I have a perplexing issue that I can't seem to comprehend...
I have two SQL statements:
The first enters information from a form into the database.
The second takes data from the database entered above, sends an email, and then logs the details of the transaction
The problem is that it appears that a single quote is triggering a MySQL error on the second entry only! The first instance works without issue, but the second instance triggers the mysql_error().
Does the data from a form get handled differently from the data captured in a form?
Query 1 - This works without issue (and without escaping the single quote)
$result = mysql_query("INSERT INTO job_log
(order_id, supplier_id, category_id, service_id, qty_ordered, customer_id, user_id, salesperson_ref, booking_ref, booking_name, address, suburb, postcode, state_id, region_id, email, phone, phone2, mobile, delivery_date, stock_taken, special_instructions, cost_price, cost_price_gst, sell_price, sell_price_gst, ext_sell_price, retail_customer, created, modified, log_status_id)
VALUES
('$order_id', '$supplier_id', '$category_id', '{$value['id']}', '{$value['qty']}', '$customer_id', '$user_id', '$salesperson_ref', '$booking_ref', '$booking_name', '$address', '$suburb', '$postcode', '$state_id', '$region_id', '$email', '$phone', '$phone2', '$mobile', STR_TO_DATE('$delivery_date', '%d/%m/%Y'), '$stock_taken', '$special_instructions', '$cost_price', '$cost_price_gst', '$sell_price', '$sell_price_gst', '$ext_sell_price', '$retail_customer', '".date('Y-m-d H:i:s', time())."', '".date('Y-m-d H:i:s', time())."', '1')");
Query 2 - This fails when entering a name with a single quote (for example, O'Brien)
$query = mysql_query("INSERT INTO message_log
(order_id, timestamp, message_type, email_from, supplier_id, primary_contact, secondary_contact, subject, message_content, status)
VALUES
('$order_id', '".date('Y-m-d H:i:s', time())."', '$email', '$from', '$row->supplier_id', '$row->primary_email' ,'$row->secondary_email', '$subject', '$message_content', '1')");

You should be escaping each of these strings (in both snippets) with mysql_real_escape_string().
http://us3.php.net/mysql-real-escape-string
The reason your two queries are behaving differently is likely because you have magic_quotes_gpc turned on (which you should know is a bad idea). This means that strings gathered from $_GET, $_POST and $_COOKIES are escaped for you (i.e., "O'Brien" -> "O\'Brien").
Once you store the data, and subsequently retrieve it again, the string you get back from the database will not be automatically escaped for you. You'll get back "O'Brien". So, you will need to pass it through mysql_real_escape_string().

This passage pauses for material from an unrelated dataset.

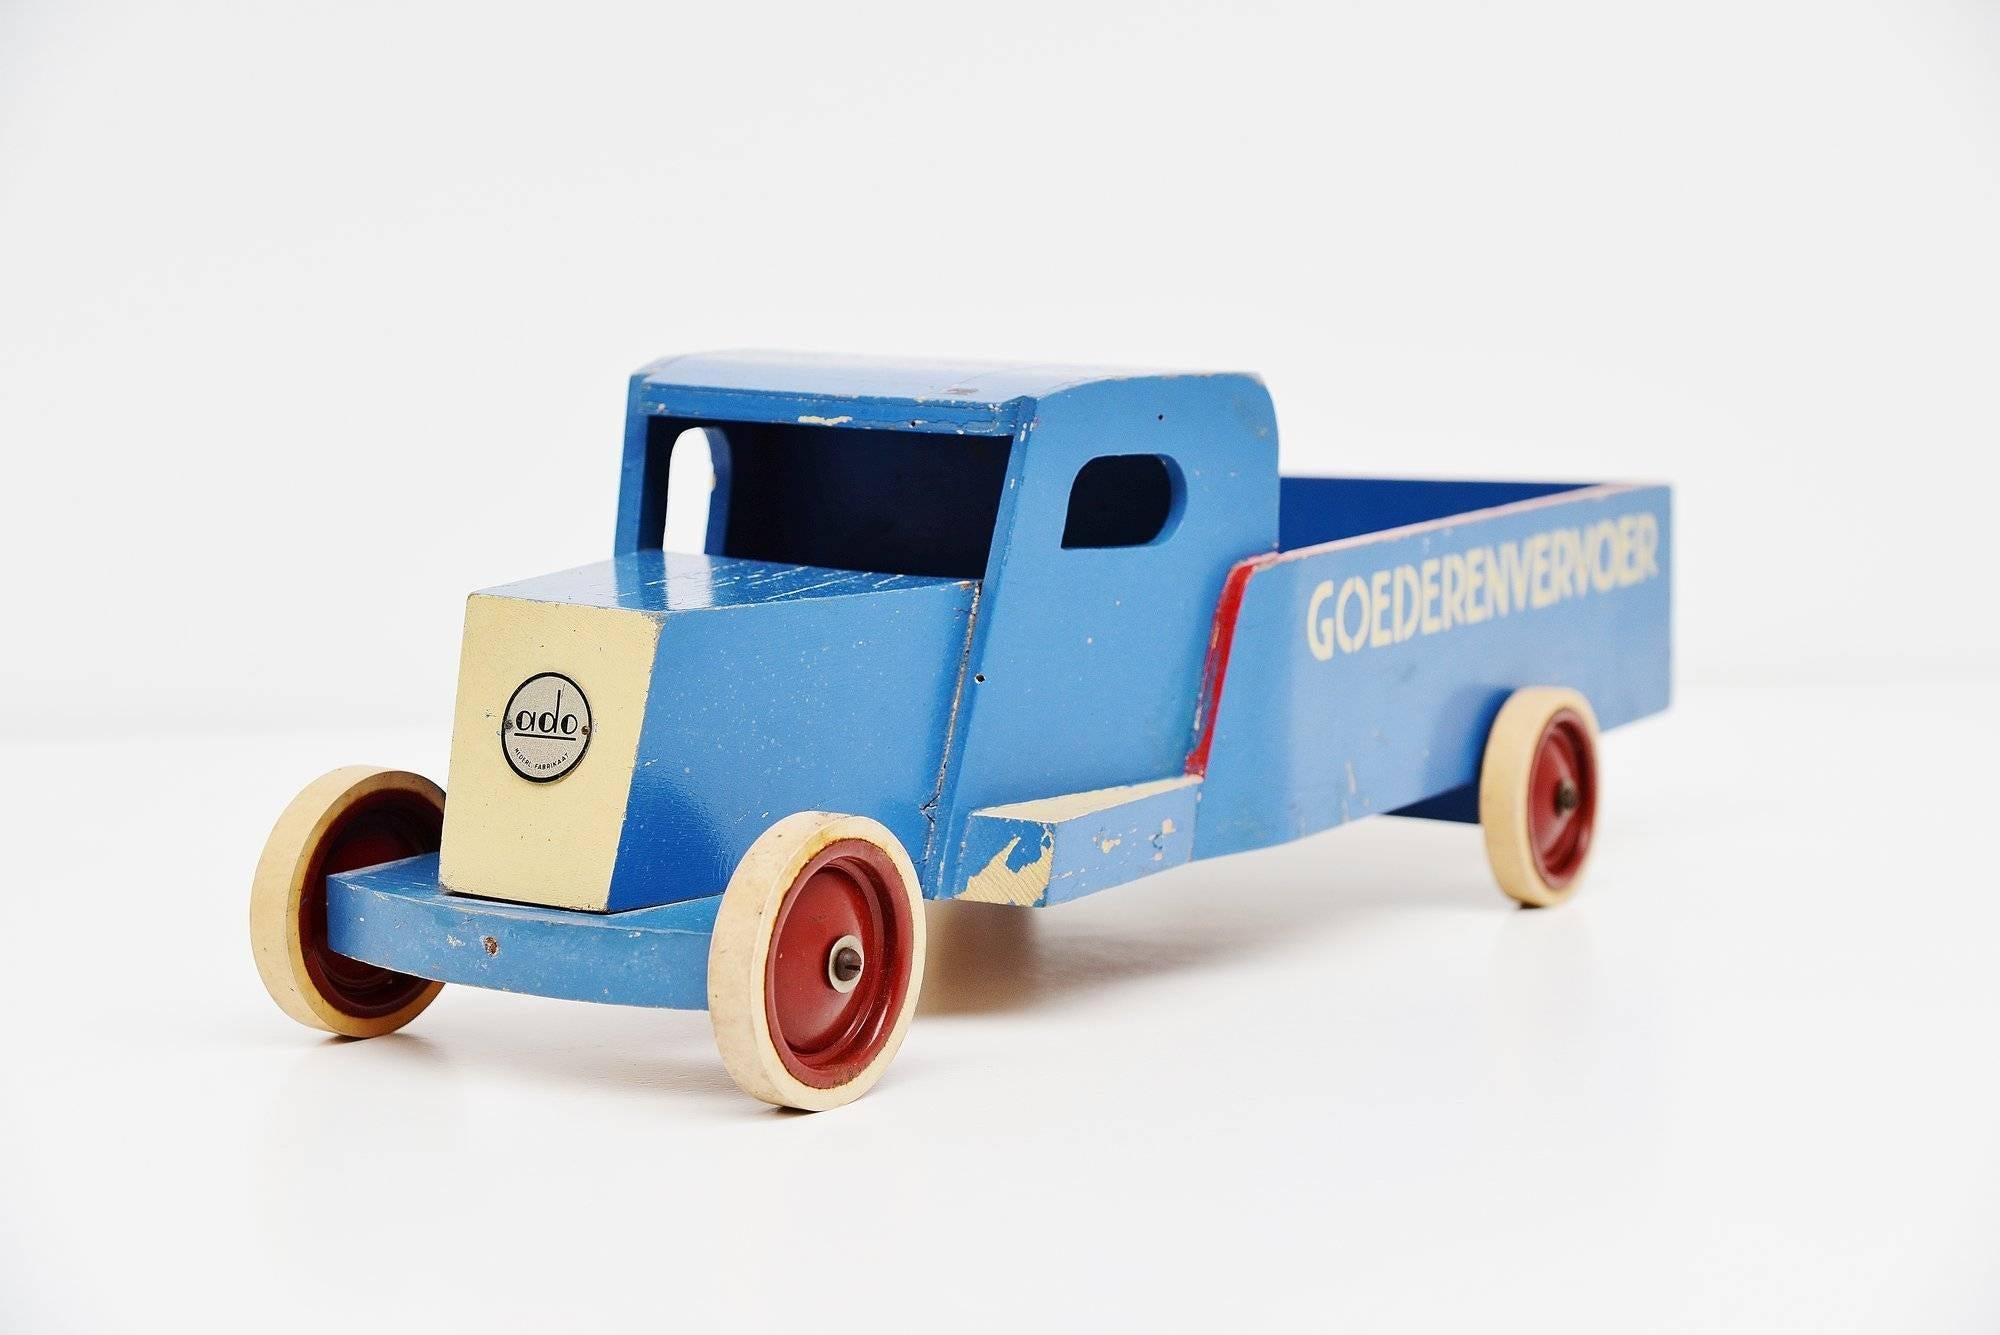 Very nice large toy goods transport (goederenvervoer) truck designed by Ko Verzuu for Ado Holland in circa 1940. Ado means Arbeid door onvolwaardigen, translated; labor by incapacitated, which makes this an even more special piece. Toys by Ado are

For anyone finding this solution in 2015 and moving forward...
The mysql_real_escape_string() function is deprecated as of PHP 5.5.0.
See: php.net
Warning
This extension is deprecated as of PHP 5.5.0, and will be removed in the future. Instead, the MySQLi or PDO_MySQL extension should be used. See also MySQL: choosing an API guide and related FAQ for more information. Alternatives to this function include:
mysqli_real_escape_string()
PDO::quote()

You should do something like this to help you debug
$sql = "insert into blah values ('$myVar')";
echo $sql;
You will probably find that the single quote is escaped with a backslash in the working query. This might have been done automatically by PHP via the magic_quotes_gpc setting, or maybe you did it yourself in some other part of the code (addslashes and stripslashes might be functions to look for).
See Magic Quotes

You have a couple of things fighting in your strings.
lack of correct MySQL quoting (mysql_real_escape_string())
potential automatic 'magic quote' -- check your gpc_magic_quotes setting
embedded string variables, which means you have to know how PHP correctly finds variables
It's also possible that the single-quoted value is not present in the parameters to the first query. Your example is a proper name, after all, and only the second query seems to be dealing with names.

You can do the following which escapes both PHP and MySQL.
<?
$text = '';
?>
This will reflect MySQL as
How does it work?
We know that both PHP and MySQL apostrophes can be escaped with backslash and then apostrophe.
\'
Because we are using PHP to insert into MySQL, we need PHP to still write the backslash to MySQL so it too can escape it.
So we use the PHP escape character of backslash-backslash together with backslash-apostrophe to achieve this.
\\\'

You should just pass the variable (or data) inside "mysql_real_escape_string(trim($val))"
where $val is the data which is troubling you.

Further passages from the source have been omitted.